In November 1962, I was released from active duty in the Marine Corps. I, of course went home and for the first few months I did very little. I worked construction, pumped gas in a filling station and even applied to the U.S. Border Patrol. One of the requirements was that you speak Spanish. Speak Spanish! Hell, I barely could speak English. I was told to learn Spanish and reapply. Ok, you bet.

On a trip to visit family in West Virginia, a relative ask me why I didn’t go to college? Me go to college, are you nuts. That was the craziest thing I ever heard. Her comment was, why not, you sure as hell aren’t doing anything now. By the way she said, the government will pay for you to go to school. I decided, why not, I’ll give it a try. I went to the administration office of Marshall University. I was given the application and I filled it out. In 1960, while with M-4-12 3rd. Marine Division, I took the GED test and received my high school equivalency certificate. The school accepted my GED but needed to retake part of the test. I had to take the English and Literature part. The test was going to be given the next day at one of the local high schools. This all had to be approved by the VA before I could take the test. You bet. I knew the odds on this happening were slim and none. Off I went, application and all the other paper work I needed. I gave all information to VA rep. and his reaction was just what I expected. He told me that this would take a couple of weeks and even then, I may not get it approved. I was then told to give him a call in a week or two. I was walking out the door and an older gentleman was coming in.

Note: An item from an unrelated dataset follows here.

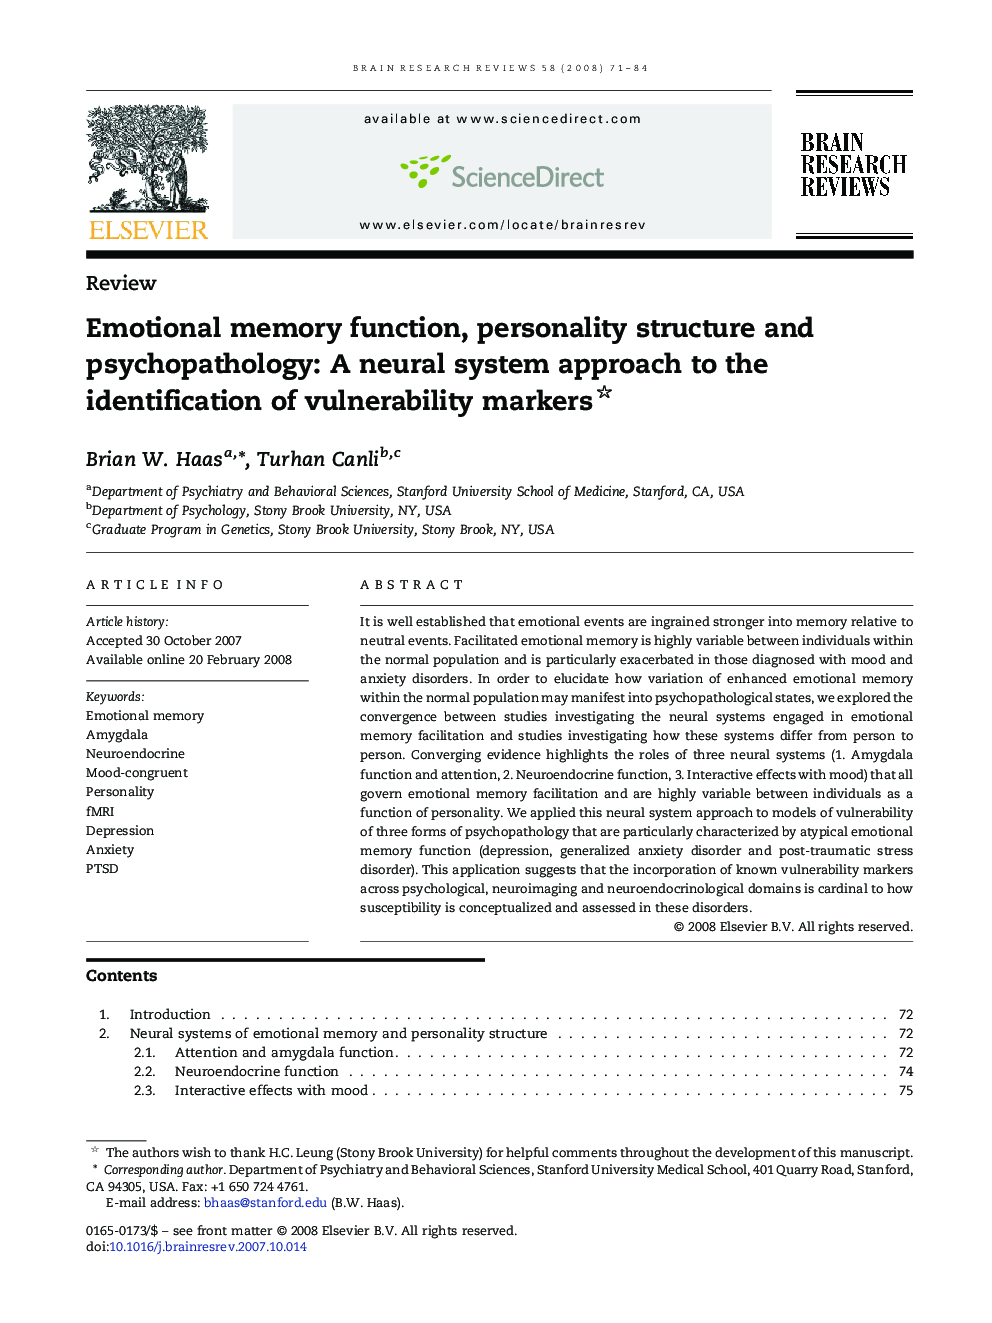 Emotional memory function, personality structure and psychopathology: A neural system approach to the identification of vulnerability markers

He said how is everything going. I told him not so good. He asks what the problem was, and I explained as much as I could. He said, come with me. We walked back to the disk of the rep. I was talking to. He handed him my paper work and said get this handled today and I mean today. I was told to come back later in the afternoon. Later that afternoon, as I walked back into the office, needless to say I expected just the opposite of what happened. My application was approved. You’ve got to be kidding. I said thank you. He said don’t thank me, thank Woody Williams. That’s right Hershel Woodrow “Woody” Williams, Medal of Honor Winner United States Marine Corps, Iwo, Jima. The same Woody Williams that helped my father almost twenty years before. I walked over to Mr. Williams and said, Simper Fi and thank you. In reply, he said just what you’d expect him to say. Do or Die and good luck Marine.

Woody Williams is 96 years old and doing strong.